TASK ITEM:
Restate all the lines below word for word, but omit the pictures.

RECORDED DATA:
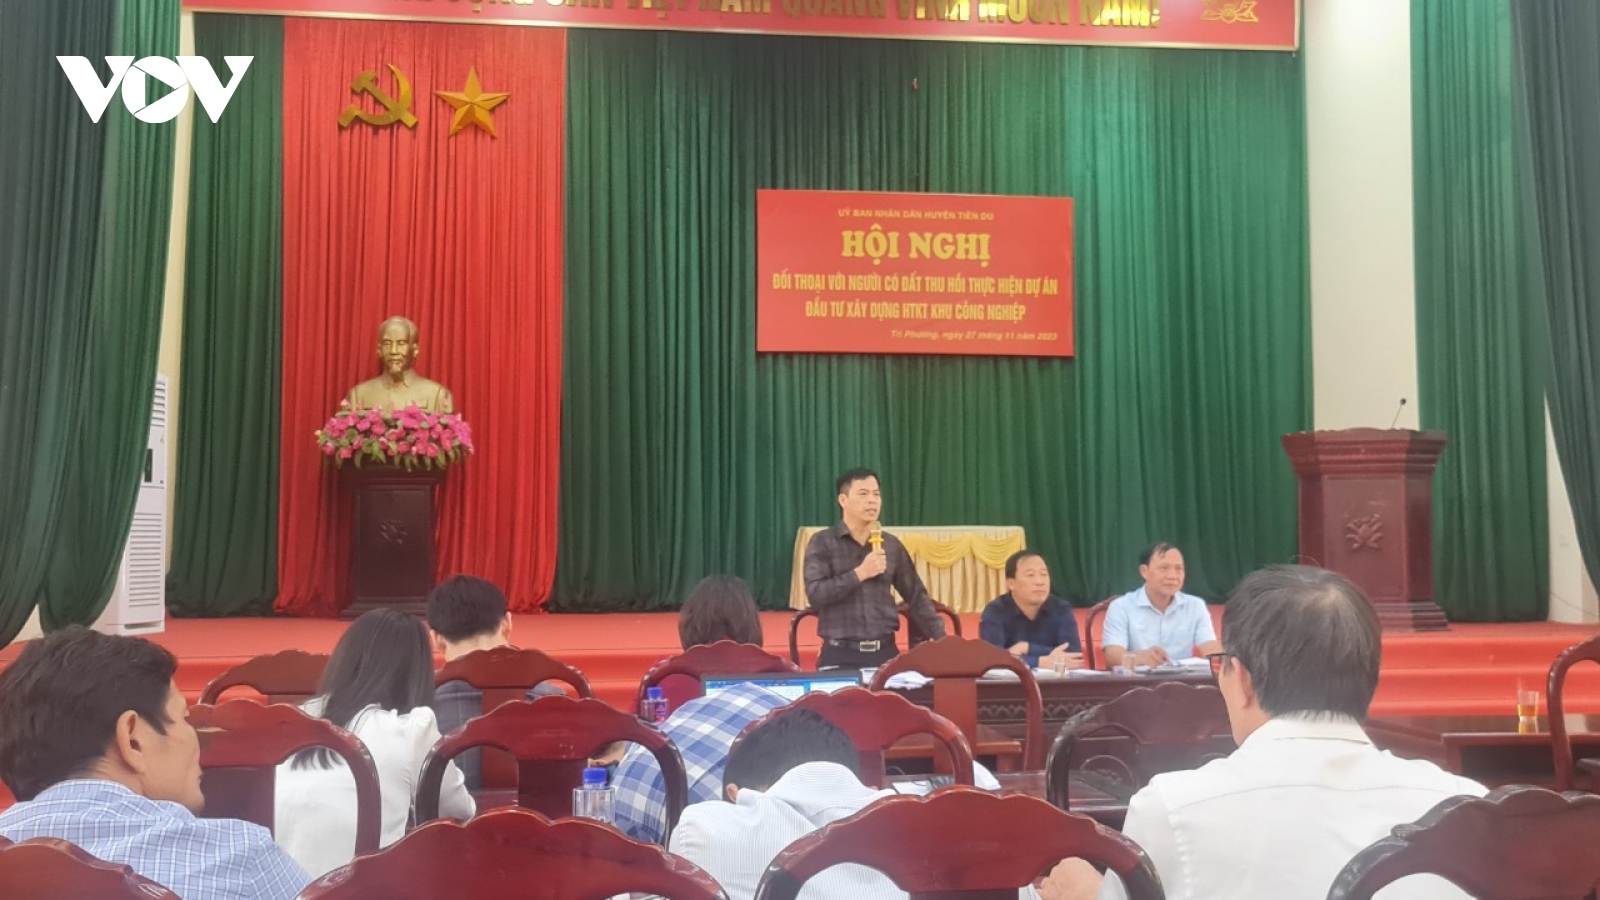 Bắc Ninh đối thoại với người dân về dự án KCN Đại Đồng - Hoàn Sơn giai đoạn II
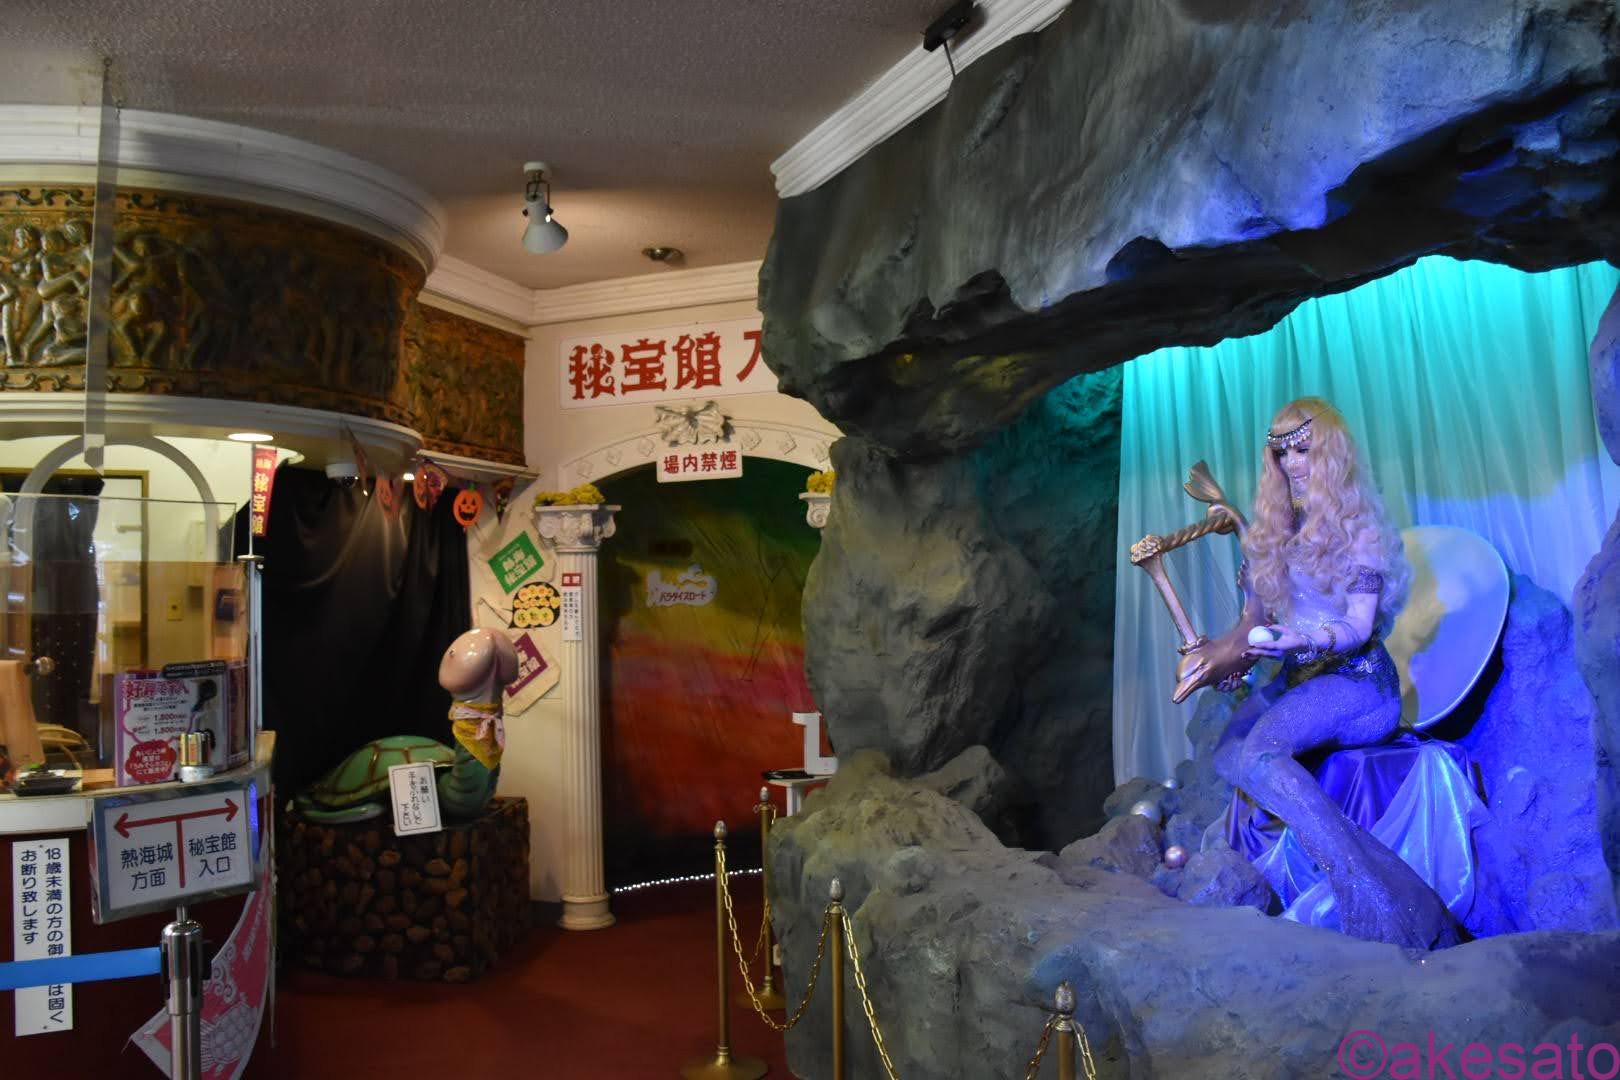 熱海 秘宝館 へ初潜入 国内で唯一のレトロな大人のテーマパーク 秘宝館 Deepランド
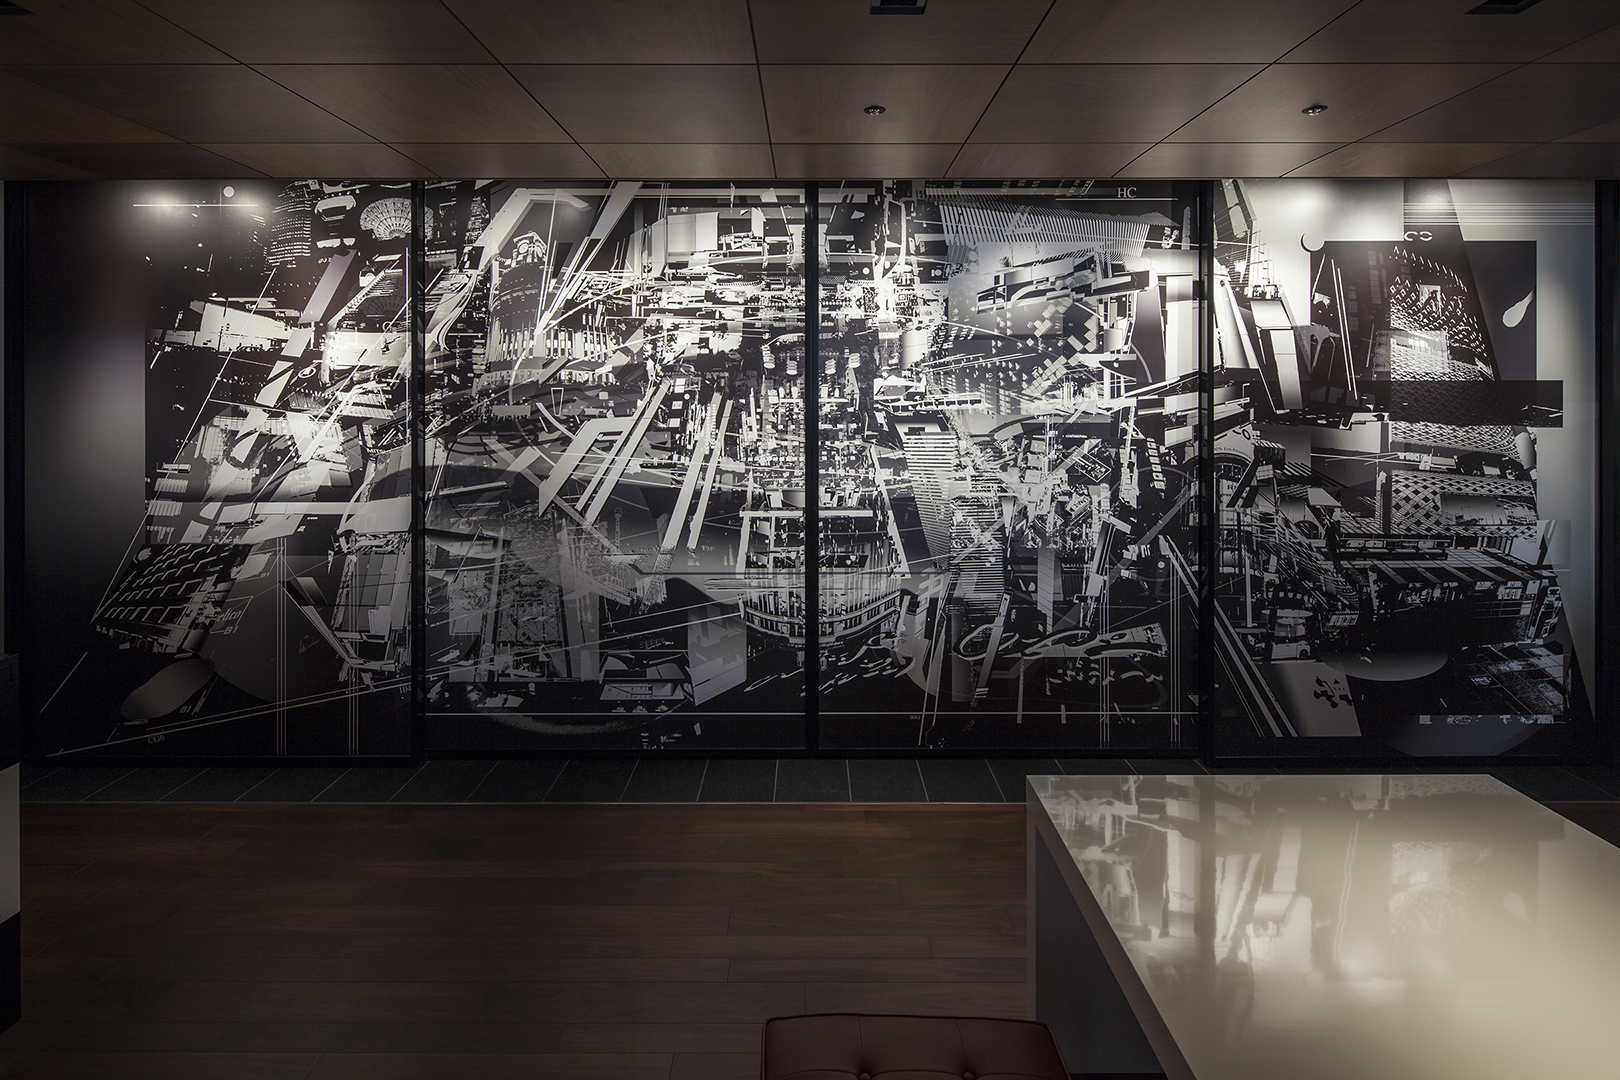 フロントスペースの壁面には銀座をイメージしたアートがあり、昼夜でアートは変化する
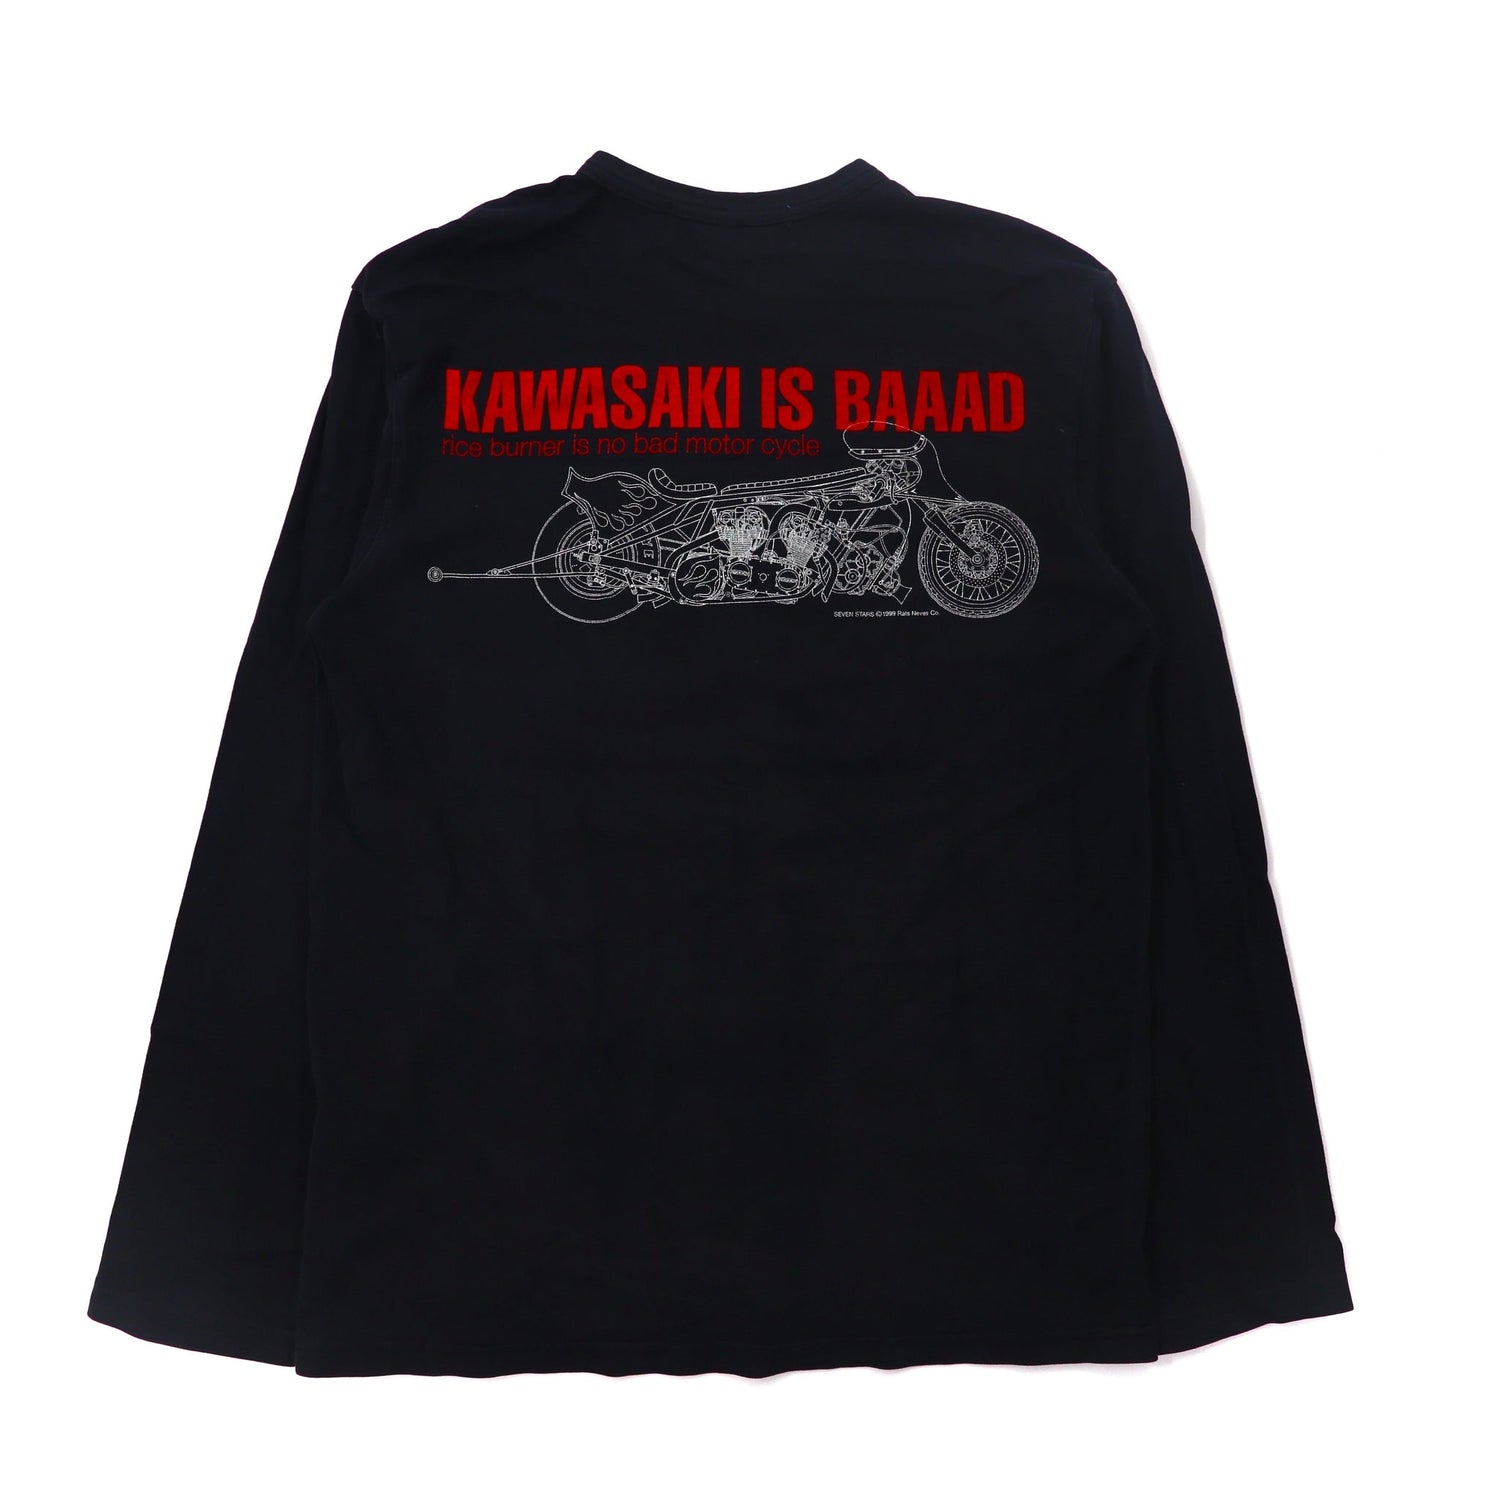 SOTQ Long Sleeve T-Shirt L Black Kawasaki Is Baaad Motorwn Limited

RESULT FOR THIS TASK:
 Bắc Ninh đối thoại với người dân về dự án KCN Đại Đồng - Hoàn Sơn giai đoạn II
 熱海 秘宝館 へ初潜入 国内で唯一のレトロな大人のテーマパーク 秘宝館 Deepランド
 フロントスペースの壁面には銀座をイメージしたアートがあり、昼夜でアートは変化する
 SOTQ Long Sleeve T-Shirt L Black Kawasaki Is Baaad Motorwn Limited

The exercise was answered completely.